L’intuito per gli affari industriali fu fondamentale per Aleotti al momento del crollo del muro di Berlino. Il governo tedesco decise di mettere all’asta alcune industrie della Germania ex comunista. Senza conoscere una parola di tedesco ma determinato a partecipare e ad aggiudicarsi la Berlin Chemie, industria del farmaco di Berlino est dagli impianti obsoleti, con problemi seri di inquinamento, ma con alcuni prodotti conosciutissimi negli ex paesi dell’orbita sovietica, Aleotti riuscì a portare sotto l’ala della Menarini anche la Berlin Chemie che oggi è leader nella farmaceutica dell’est Europa.
Nel 2005, il Presidente della Repubblica Federale di Germania, gli conferì per “alti meriti” la Grossez Verdienstkreutz, una delle più importanti onorificenze della Germania. Era amante dell’arte del Rinascimento e dell’attività fisica. Chi l’ha conosciuto non può dimenticare la “presa” di quel piccolo uomo dotato di una forza considerevole dovuta alle tante “vasche” percorse nella sua piscina della splendida villa di Fiesole sulle colline di Firenze.

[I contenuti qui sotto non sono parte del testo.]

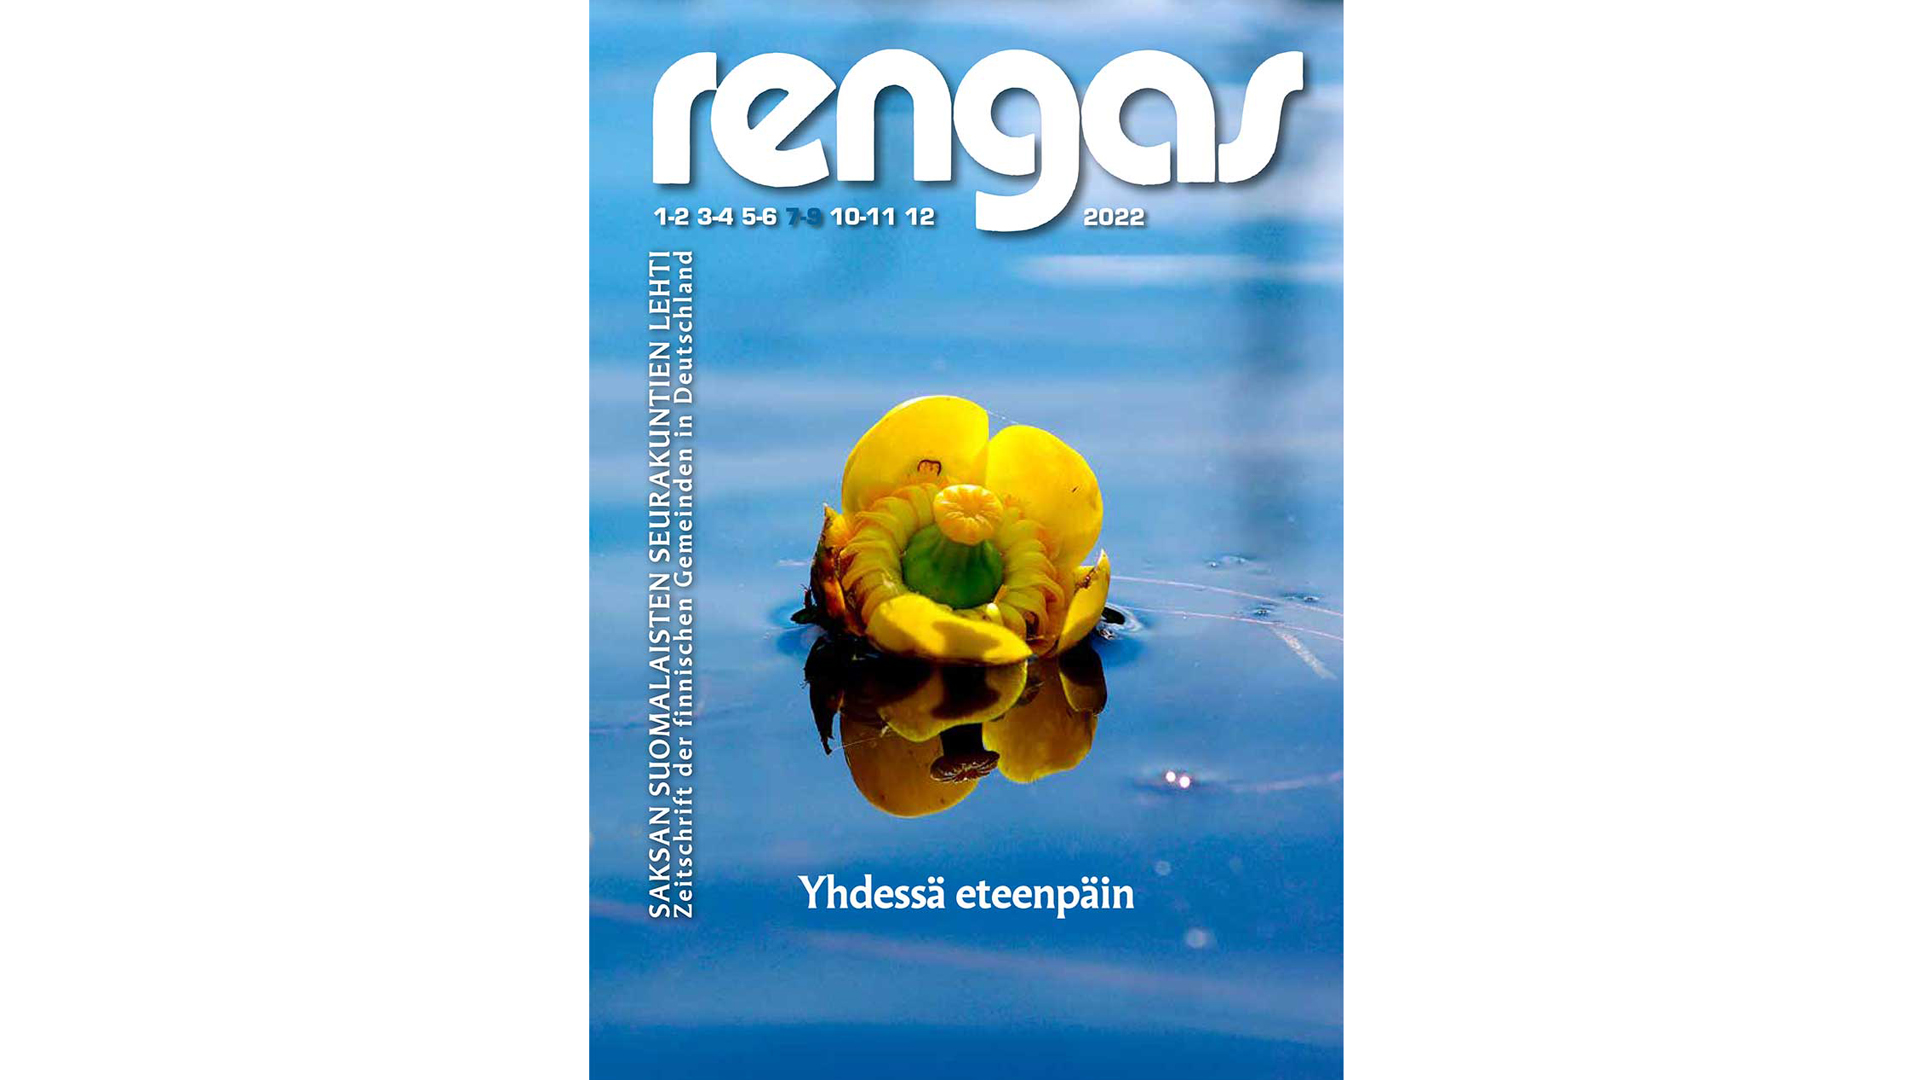 Rengas-lehden 7-9/2022 kansikuva, keltainen ulpukka sinisessä vedessä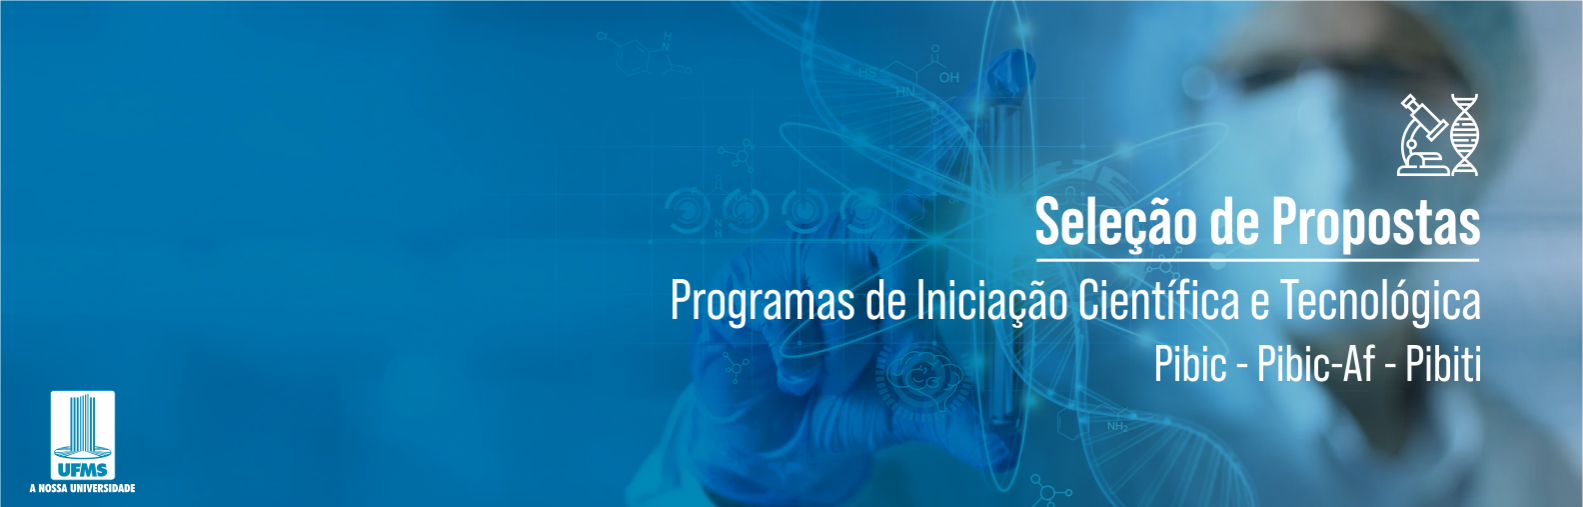 Programas de iniciação científica e tecnológica contam com R$ 2,4 milhões para bolsas

Non era un santo, ma un “padrone” vero di quelli che controllano che le luci siano spente alla fine della giornata di lavoro. Un carattere forte e anche, per certi versi, autoritario. Fu coinvolto in tangentopoli nelle vicende De Lorenzo-Poggiolini e arrestato come quasi tutti gli industriali farmaceutici operanti in Italia. La Procura di Firenze ha rinviato a giudizio lui e i suoi figli per una ingente provvista di denaro in Liechtenstein per frode fiscale.
Ma questa è un’altra storia. Come dicevano i nostri antenati latini: “De mortuis nihil nisi bonum”. Dei morti si parla solo bene.